Willie Walsh, BA chief executive: "We'll do whatever we can to keep BA flying"
The union representing British Airways cabin crew has said its members will go on strike for three days from 20 March and for four days from 27 March.
The Unite union confirmed it would not strike over Easter, but warned there could be further action after 14 April if a resolution had not been agreed.
BA cabin crew are striking over changes to pay and staffing levels imposed by the airline last November.
Another row has broken out between BA and the union about a new offer.
In addition to strike action, the union announced at a press conference that it would also ballot its members on a new offer from BA tabled earlier this week, but said it would not recommend it.
But shortly afterwards, BA boss Willie Walsh told the BBC that the airline's offer was no longer available. He said the offer was conditional on strike action being averted, and so had been withdrawn.

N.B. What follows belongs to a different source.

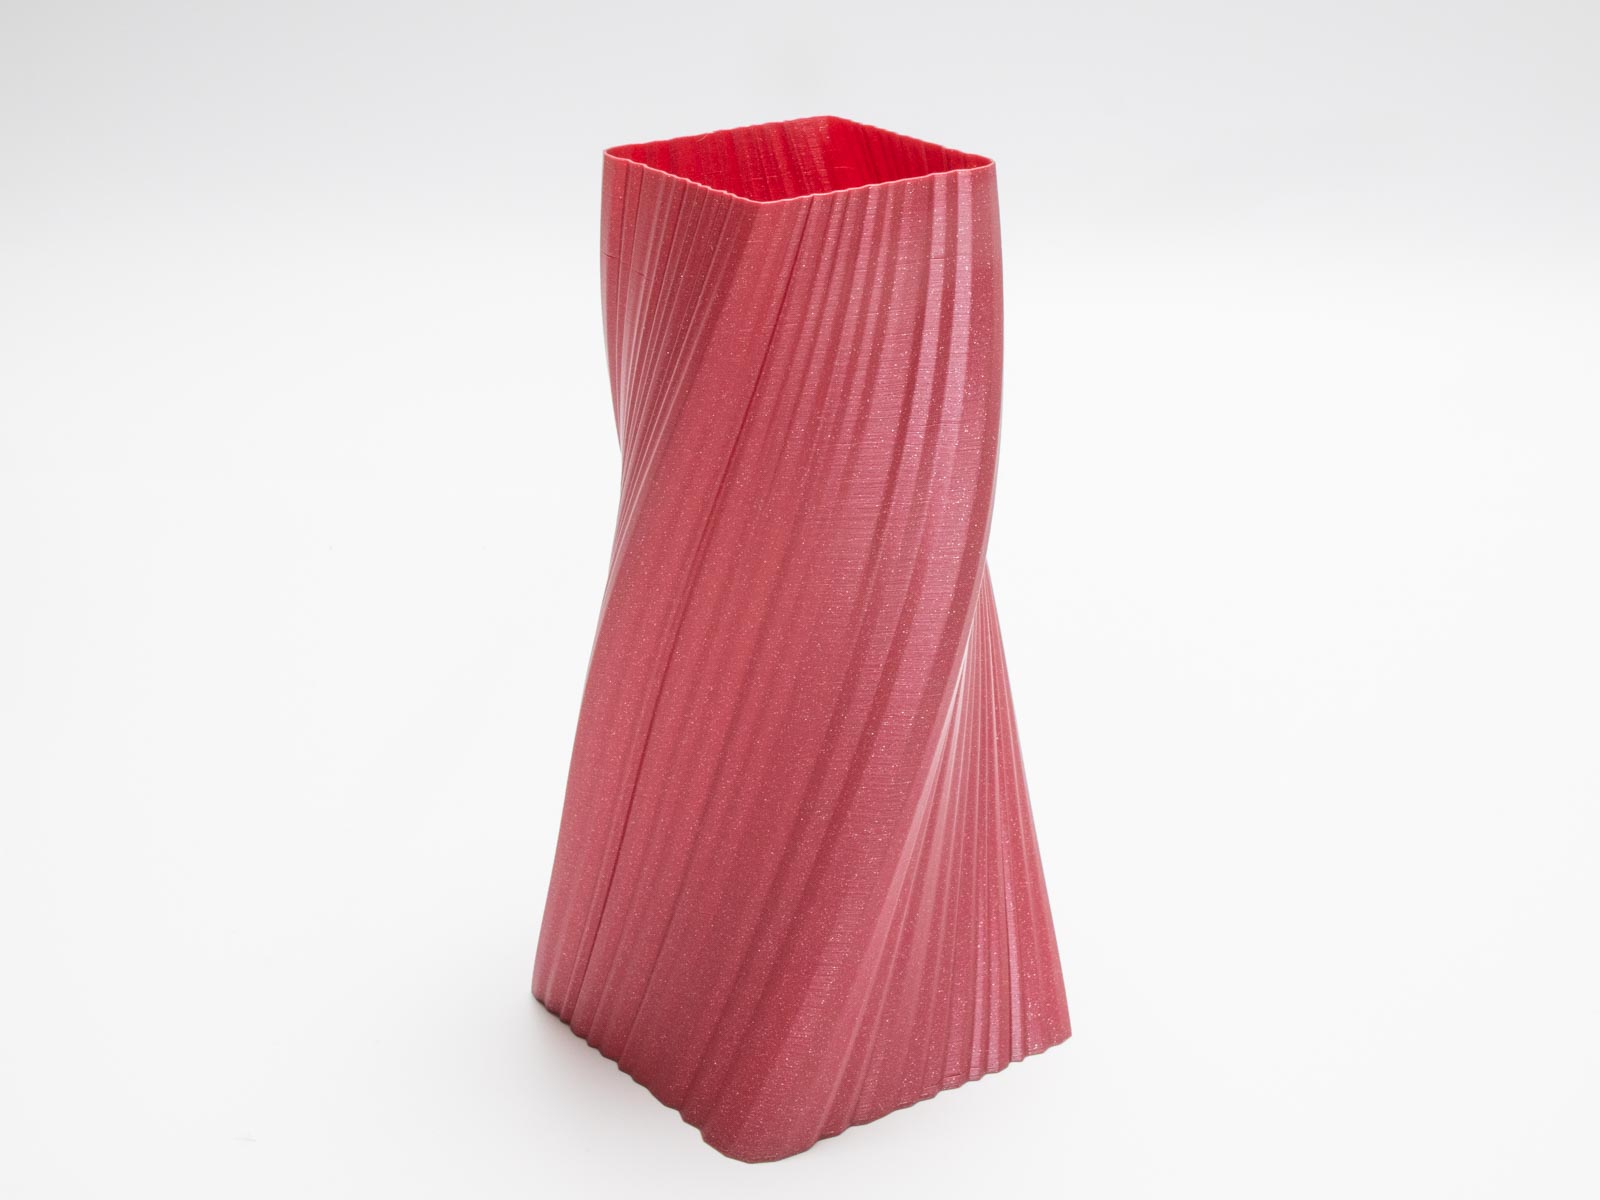 3D Printed Spiral Vase BREE
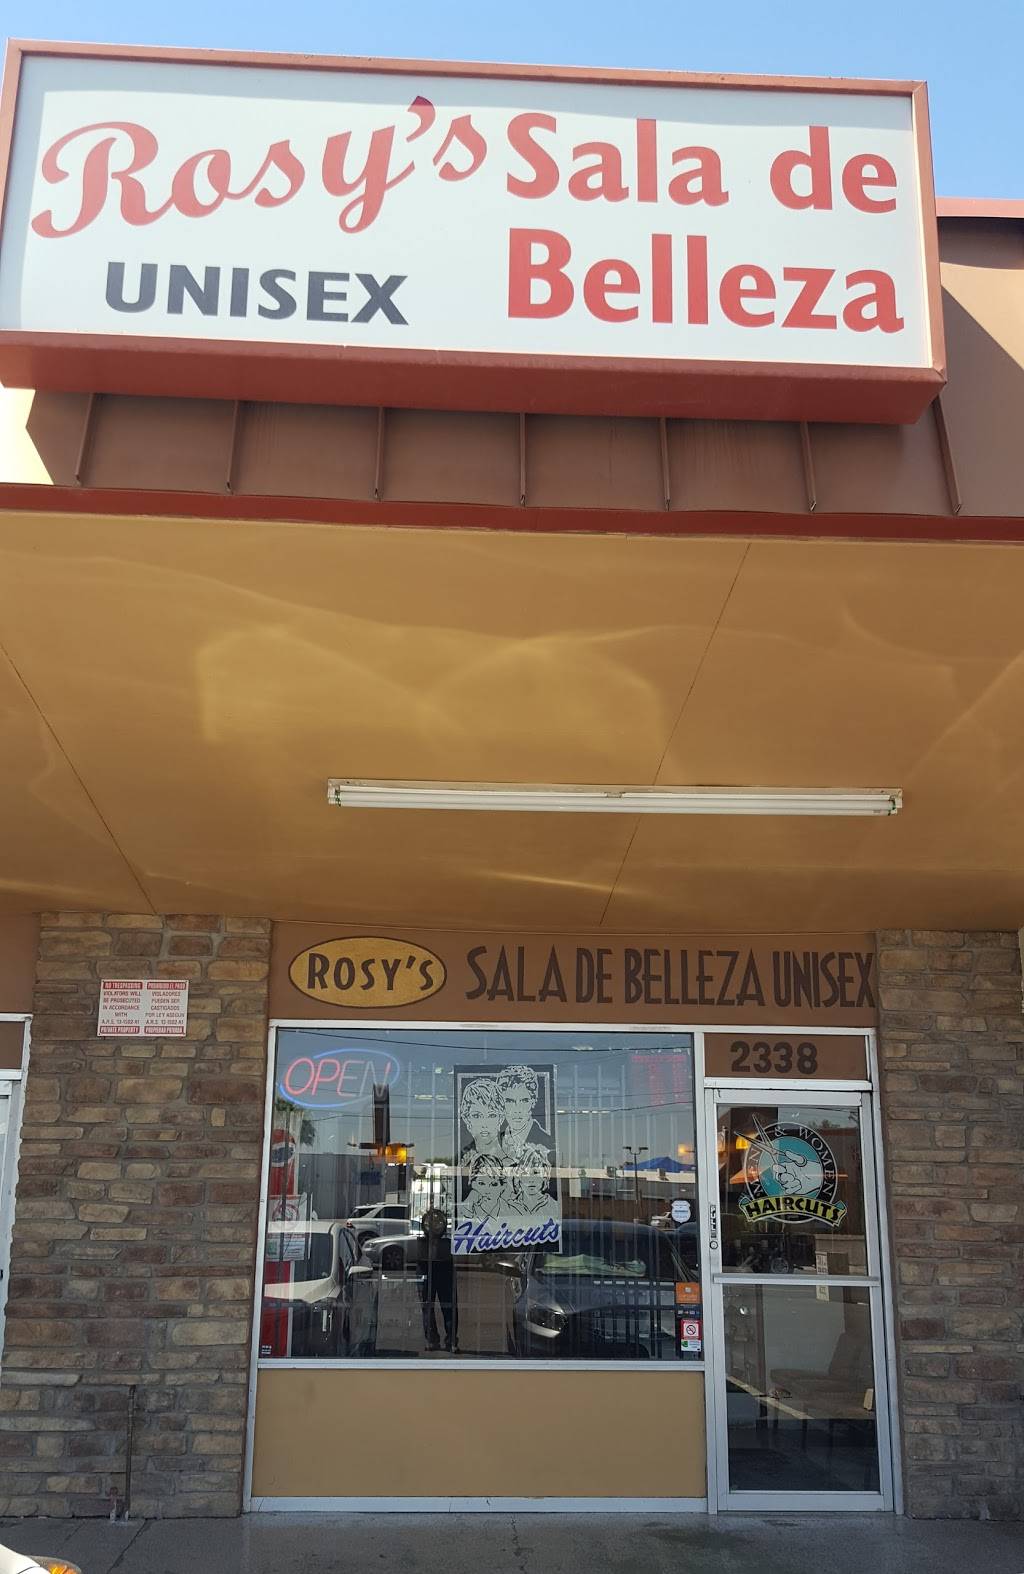 Rosys Salon De Belleza | 2338 W Thomas Rd, Phoenix, AZ 85015 | Phone: (602) 495-1099

Unite's assistant general secretary Len McCluskey said this latest move by British Airways "beggared belief" and denied that the offer was ever conditional.
Although both sides reasserted that they were available for further talks, the language on both sides has hardened since the strikes were announced.
Instead of travelling in luxury, we're faced with spending a large amount just to get a one-way economy flight, or otherwise losing out on our dream honeymoon and probably most of the money spent on it.
Mr Walsh said the two parties were "not close at all" to coming to an agreement.
The union's proposals to save more than £60m at the loss-making airline included staff pay cuts that BA described as "morally wrong". Mr Walsh said Unite had failed to provide any credible plan to date.
The union contended that it had "made enormous strides and significant offers that meet the demands of BA".
Mr McCluskey said that the withdrawal of the offer showed that the airline's management was "bent on confrontation and never had any intention of an agreement".
The Conservatives accused the government of "looking the other way" because the union was "channelling millions" into "Labour's election coffers".
Prime Minister Gordon Brown urged the two sides to resume negotiations.
"It's in my view essential that the parties continue to talk now even at this 11th hour," he said. "I hope they will do so but I remind them of the danger and risk to the British economy of disruptive strikes going ahead."
BA said all flights to and from London City Airport would be unaffected by strike action, as would all long-haul flights from Gatwick.
Len McCluskey, Unite: "We are unable to recommend BA's offer"
Some short-haul Gatwick flights within the UK and Europe would be cancelled, while some short and long-haul flights to and from Heathrow would also be affected.
BA said it was "very sorry for the stress and disruption Unite's decision will cause".
Consumer group Which? said passengers should be able to get their money back if they are directly affected by the strike, but only once their specific flight has been officially cancelled.
"Passengers whose flights are cancelled should get a full refund, or may be able to rearrange their BA flight date, but that won't compensate for the time and money lost on hotel bookings or tour dates," said Rochelle Turner from Which?.
Questions have been raised about how many of the 7,500 cabin crew that voted for action last month will actually go on strike.
BA has said that those taking part will lose pay and perks, including no longer getting the right to buy heavily-discounted tickets.
The airline has already made extensive contingency plans in preparation for strike action.
It has already trained 1,000 staff to work as cabin crew to cover for any striking workers.
In November, BA reduced the number of cabin crew on long-haul flights and brought in a two-year pay freeze from 2010.
The airline has also proposed new contracts for fresh recruits and newly-promoted staff. These include a single on-board management grade, no seniority, promotion on merit, and pay set at the market rate plus 10%.
However, this would still see new recruits paid significantly less than current staff.
The union said these changes would hit passenger services, as well as the earnings and career prospects of cabin crew.
BA says the cuts are necessary to save money. Last month, it said it lost £342m for the last nine months of 2009. That followed an annual loss of more than £400m reported in May last year.
Unite has acknowledged the "need for change" and has proposed its own cost-cutting package worth £63m through a combination of pay-cuts and part-time working, but this was rejected by BA earlier this week.
The airline said the package would not save as much as Unite claimed, and would involve pay cuts for crew members.